The duo of Afriland Properties Plc and Geo-Fluids Plc crashed the NASD Over-the-Counter (OTC) Securities Exchange by a marginal 0.06 per cent on Wednesday, December 11 due to profit-taking activities.

The OTC securities exchange experienced a downfall at midweek despite UBN Property Plc posting a price appreciation of 17 Kobo to close at N1.96 per share, in contrast to Tuesday’s closing price of N1.79.

Business Post reports that Afriland Properties Plc slid by N1.14 to finish at N15.80 per unit versus the preceding day’s N16.94 per unit, and Geo-Fluids Plc declined by 1 Kobo to trade at N3.92 per share compared with the N3.93 it ended a day earlier.

At the close of transactions, the market capitalisation of the bourse, which measures the total value of securities on the platform, shrank by N650 million to finish at N1.055 trillion compared with the previous day’s N1.056 trillion and the NASD Unlisted Security Index (NSI) went down by 1.86 points to wrap the session at 3,012.50 points compared with 3,014.36 points recorded in the previous session.

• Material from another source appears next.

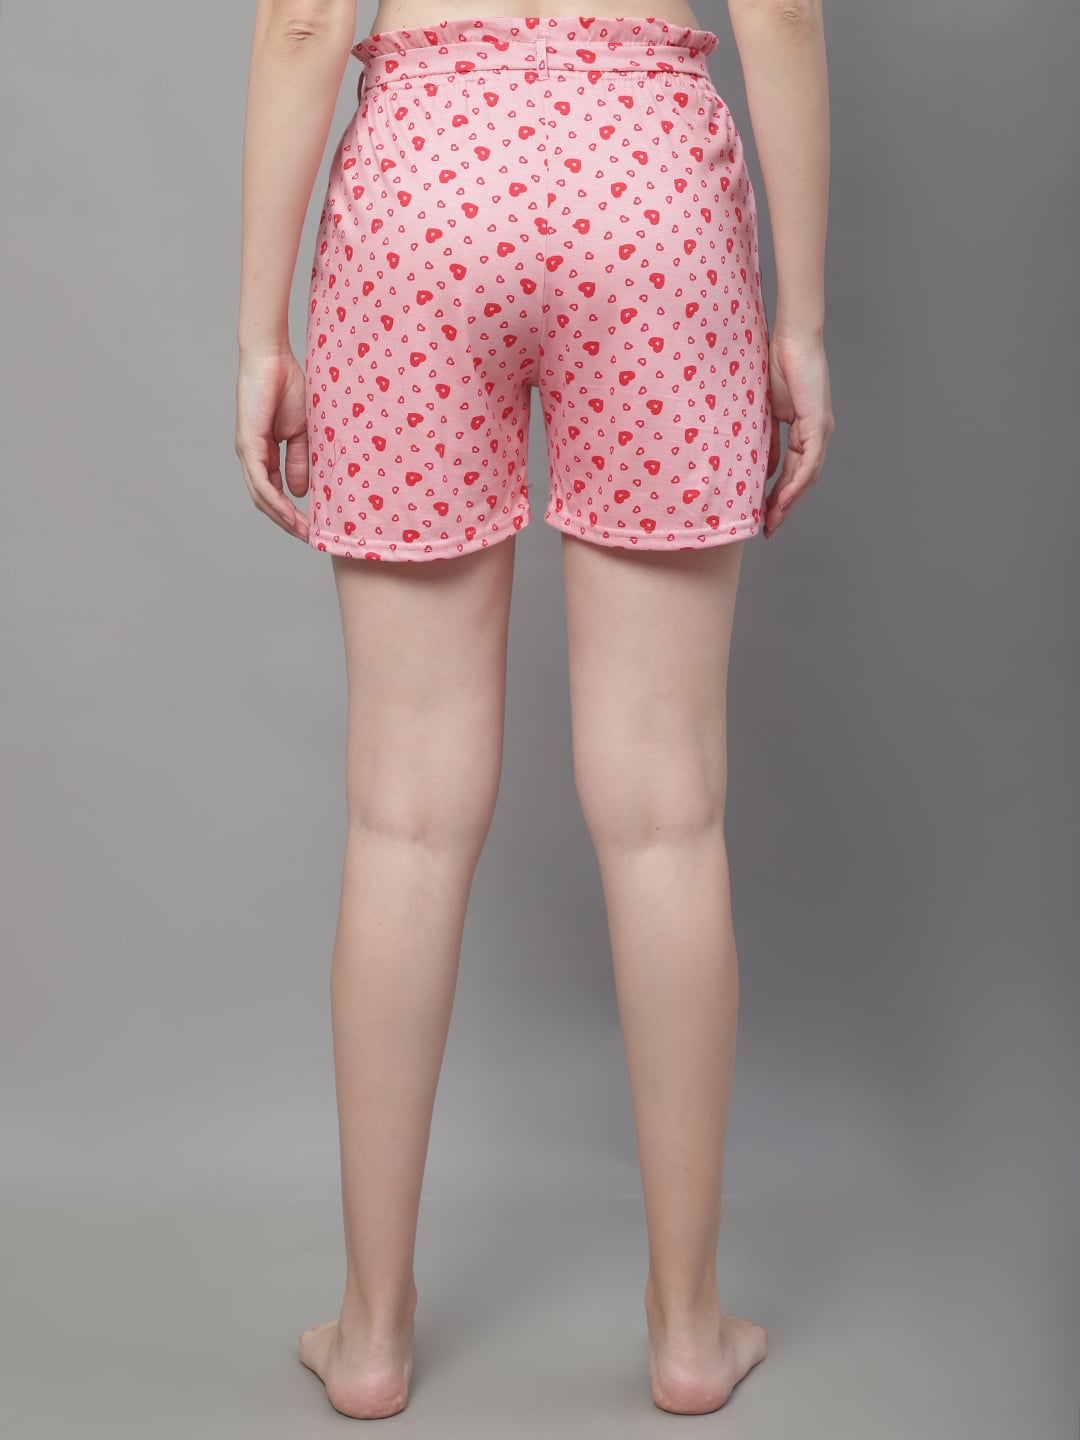 Pink Color Floral Printed Cotton Shorts For Woman Claura Designs Pvt. Ltd. Lounge Shorts Cotton, Floral, Lounge Short, Loungeshort_size, Pink, short, Sleepwear

The alternative stock market was busy yesterday as the volume of securities traded by investors soared by 146.9 per cent to 5.9 million units from 2.4 million units, as the value of shares transacted by the market participants jumped by 360.9 per cent to N22.5 million from N4.9 million, and the number of deals increased by 50 per cent to 21 deals from 14 deals.

When the bourse closed for the day, Geo-Fluids Plc remained the most active stock by volume (year-to-date) with 1.7 billion units valued at N3.9 billion, followed by Okitipupa Plc with 752.2 million units worth N7.8 billion, and Afriland Properties Plc 297.5 million units sold for N5.3 million.

Also, Aradel Holdings Plc, which is now listed on the Nigerian Exchange (NGX) Limited after its exit from NASD, remained the most active stock by value (year-to-date) with 108.7 million units sold for N89.2 billion, trailed by Okitipupa Plc with 752.2 million units valued at N7.8 billion, and Afriland Properties Plc with 297.5 million units worth N5.3 billion.